[Exercise goal] Going line by line through the records below, write out everything starting with the line containing "iOS 效率神器 Workflow 怎么用?跟着这篇入门指南从零开始" and going on through the line containing "Mattel disney pixar", exactly and inclusively. Pictures do not go in.

[Raw data]

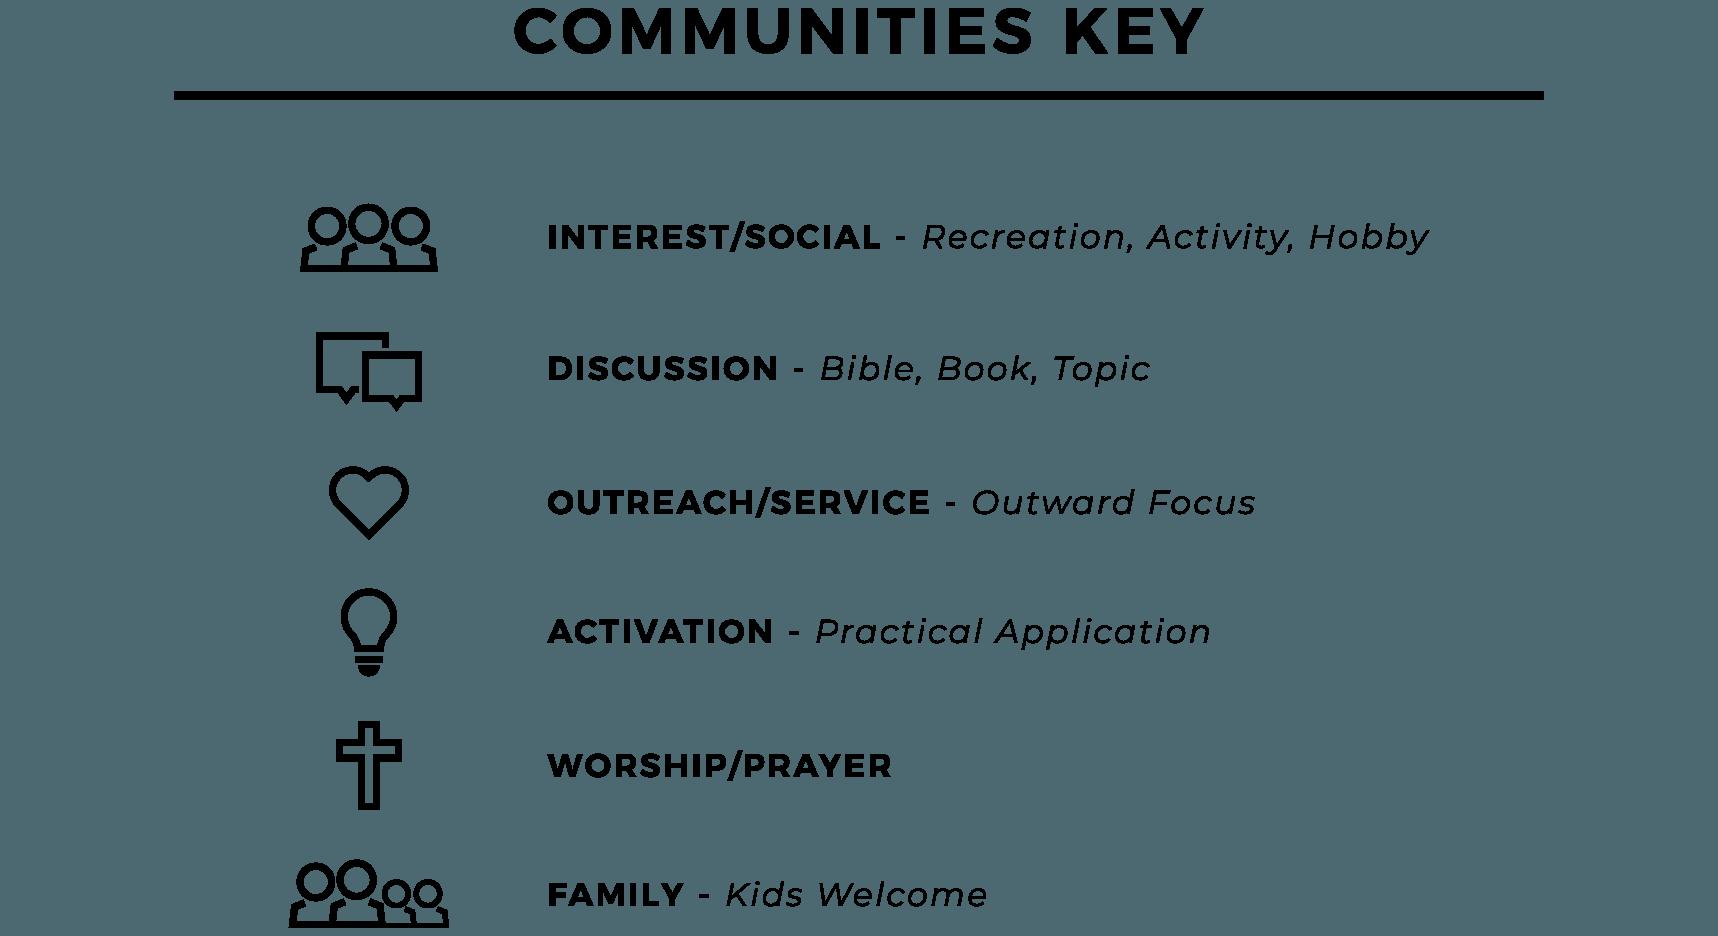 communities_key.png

==

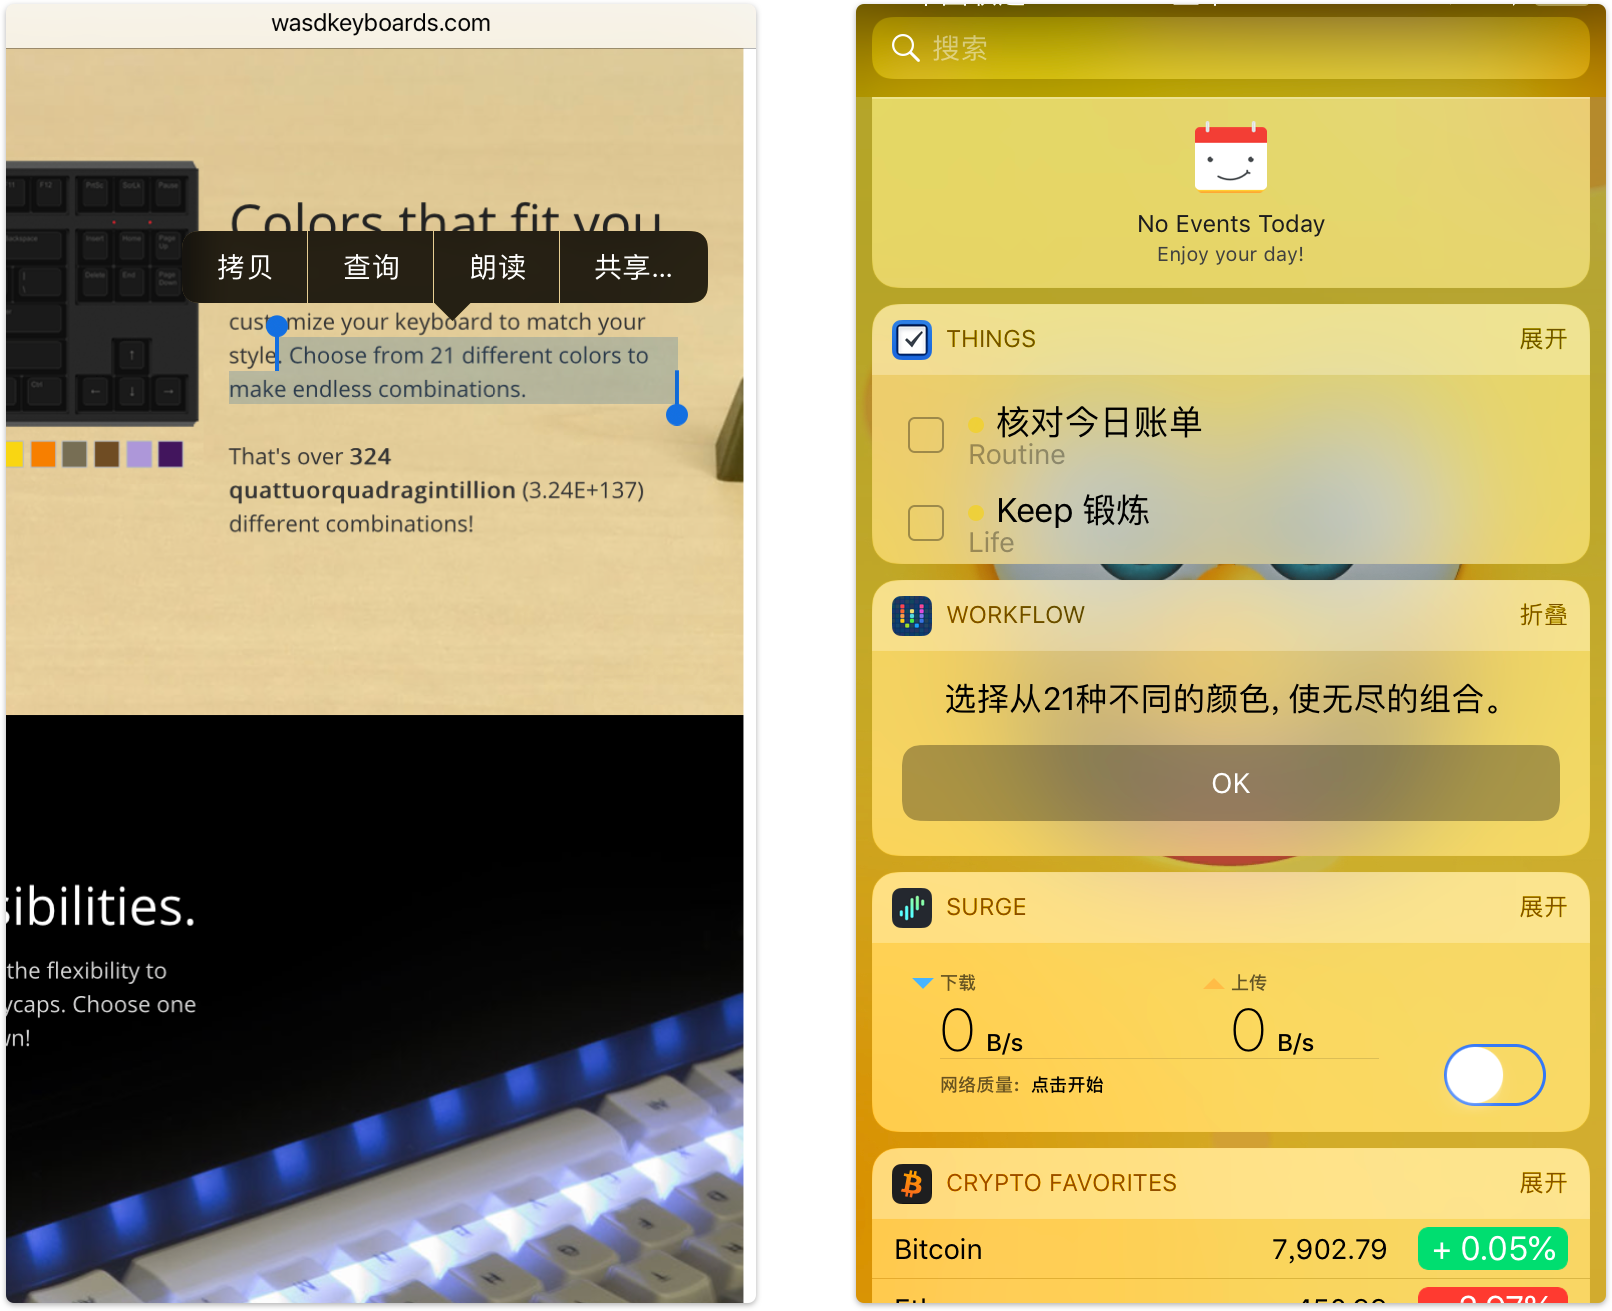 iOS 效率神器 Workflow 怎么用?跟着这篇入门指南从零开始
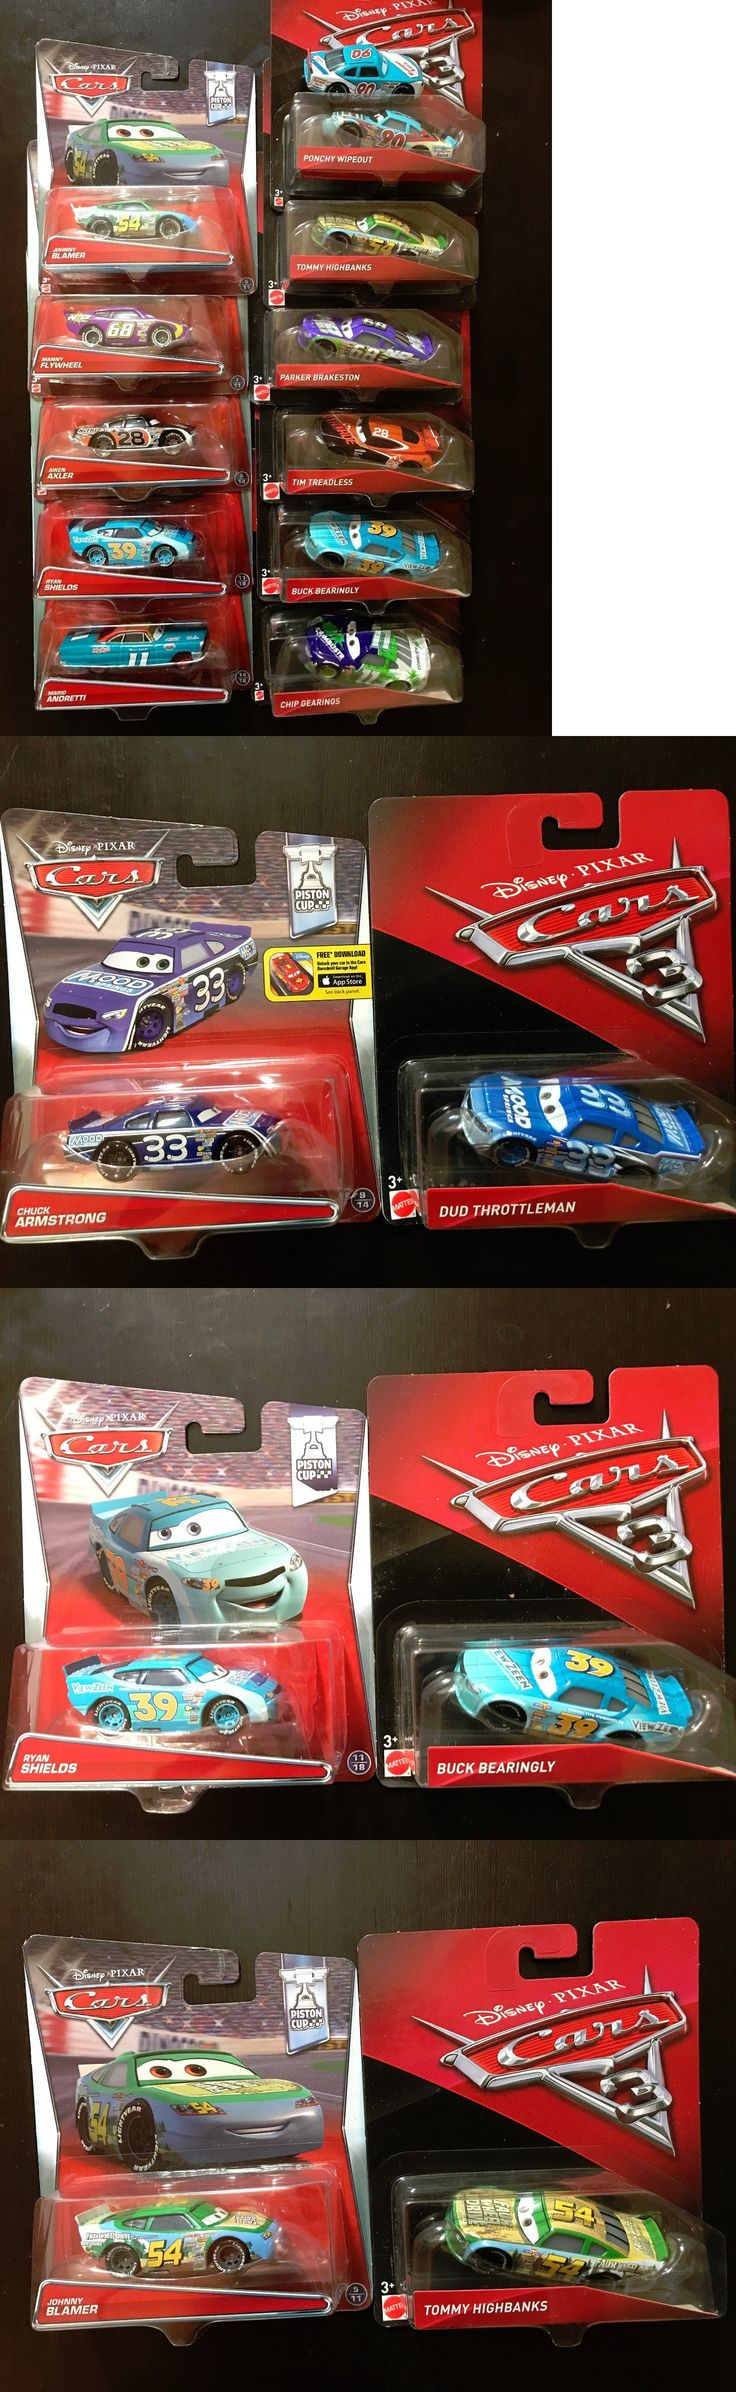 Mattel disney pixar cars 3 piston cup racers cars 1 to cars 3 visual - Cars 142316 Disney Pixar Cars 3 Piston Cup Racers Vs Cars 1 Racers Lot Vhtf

[Task output]
 iOS 效率神器 Workflow 怎么用?跟着这篇入门指南从零开始
 Mattel disney pixar cars 3 piston cup racers cars 1 to cars 3 visual - Cars 142316 Disney Pixar Cars 3 Piston Cup Racers Vs Cars 1 Racers Lot Vhtf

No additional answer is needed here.